Another cover in a shade of pink which sets your teeth on edge ... the book is great, though!
In 1935 a depressed mother calling herself Ubique wrote to a women's magazine asking for help to overcome her loneliness. Other mothers responded with empathy and it was decided to produce a magazine which could be circulated among themselves. Thus began the Cooperative Correspondence Club or CCC. This magazine continued for decades as the women's friendship and mutual support endured through wartime, marriages and marriage failures, the birth of children and old age. Well-educated and intelligent, the women gave themselves nicknames which afforded anonymity when they discussed personal issues in the magazine. These names, A Priori, Accidia, Yonire, Ad Astra, Elektra etc are similar to the user names adopted by those who use internet discussion forums today.
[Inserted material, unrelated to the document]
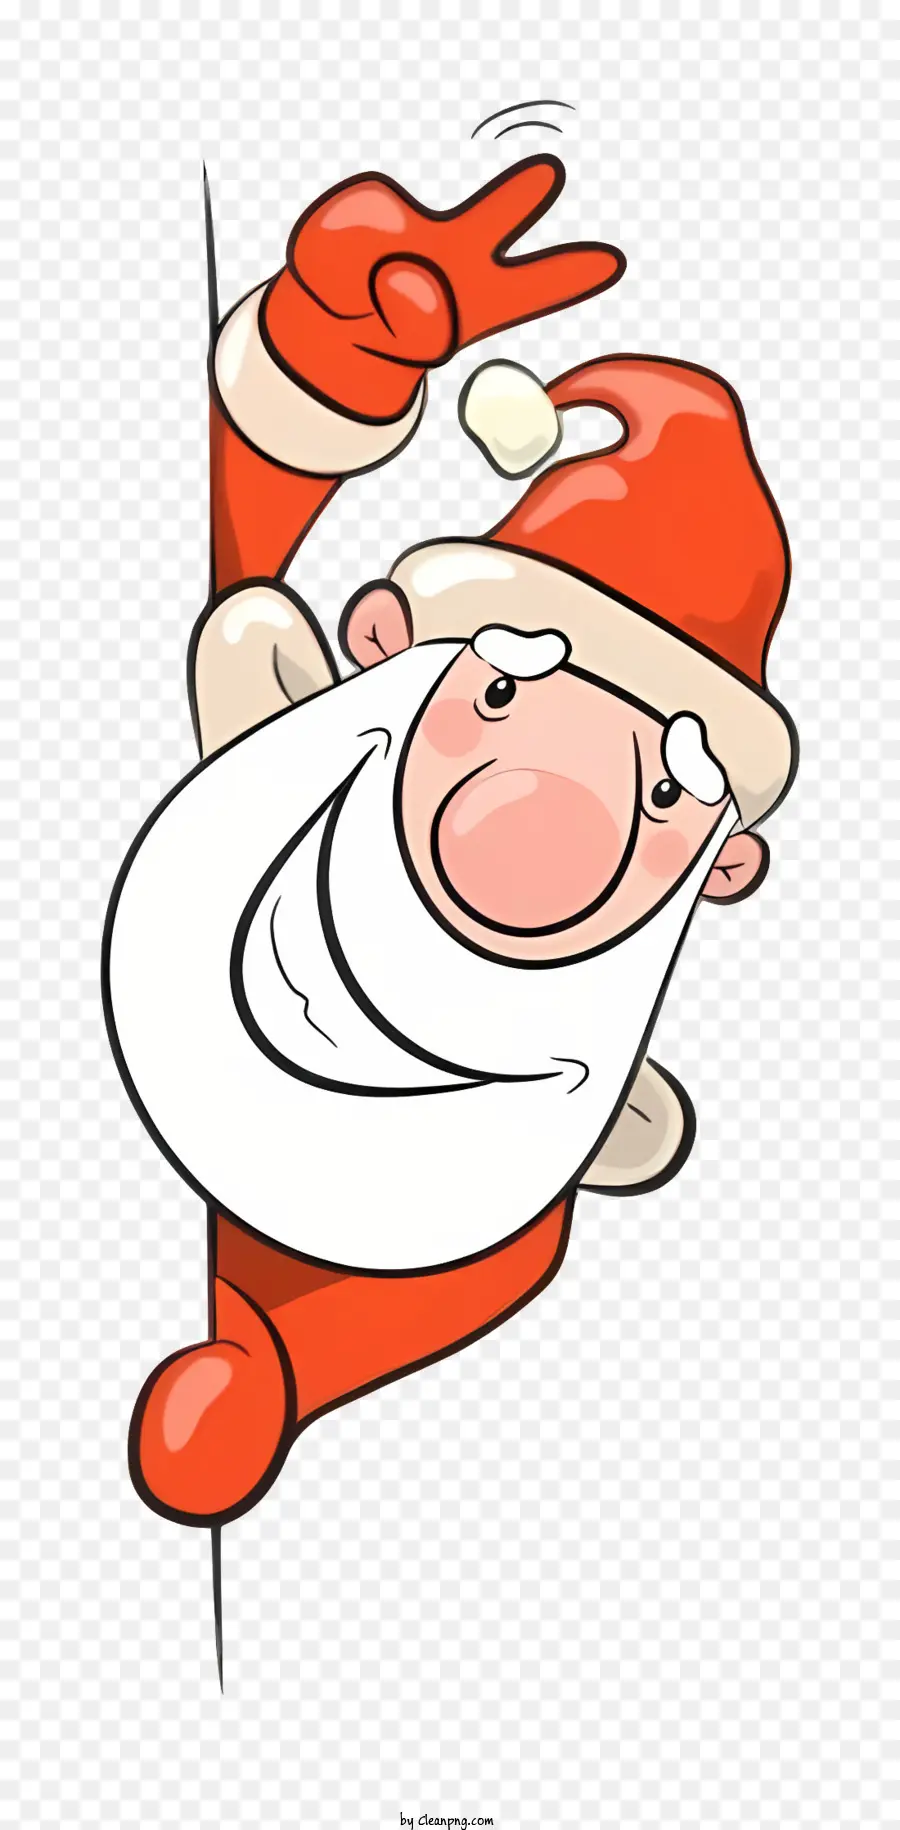 Santa Claus Figur Friedenszeichen Cartoon-ähnliches Bild Schwarz-Weiß-Linien rot und weißer Weihnachtsmannanzug - Cartoon Santa Holding Friedenszeichen und Jubel erinnern

I particularly enjoyed the cheery Roberta's lively account of giving birth to a much longed-for daughter, Amelia's tale of sleeping overnight on a London pavement in order to watch the Queen's coronation procession and Yonire's success at fighting off an over-amorous admirer with a high-heeled shoe. There is also a poignant account from Isis of her difficult marriage and passionate love for the family doctor, but my own favourite is Accidia, the Cambridge educated mother of five who longs for a good night's sleep.
Jenna Bailey has meticulously edited contributions from the magazines and I hope this talented author publishes more in this new genre of social history.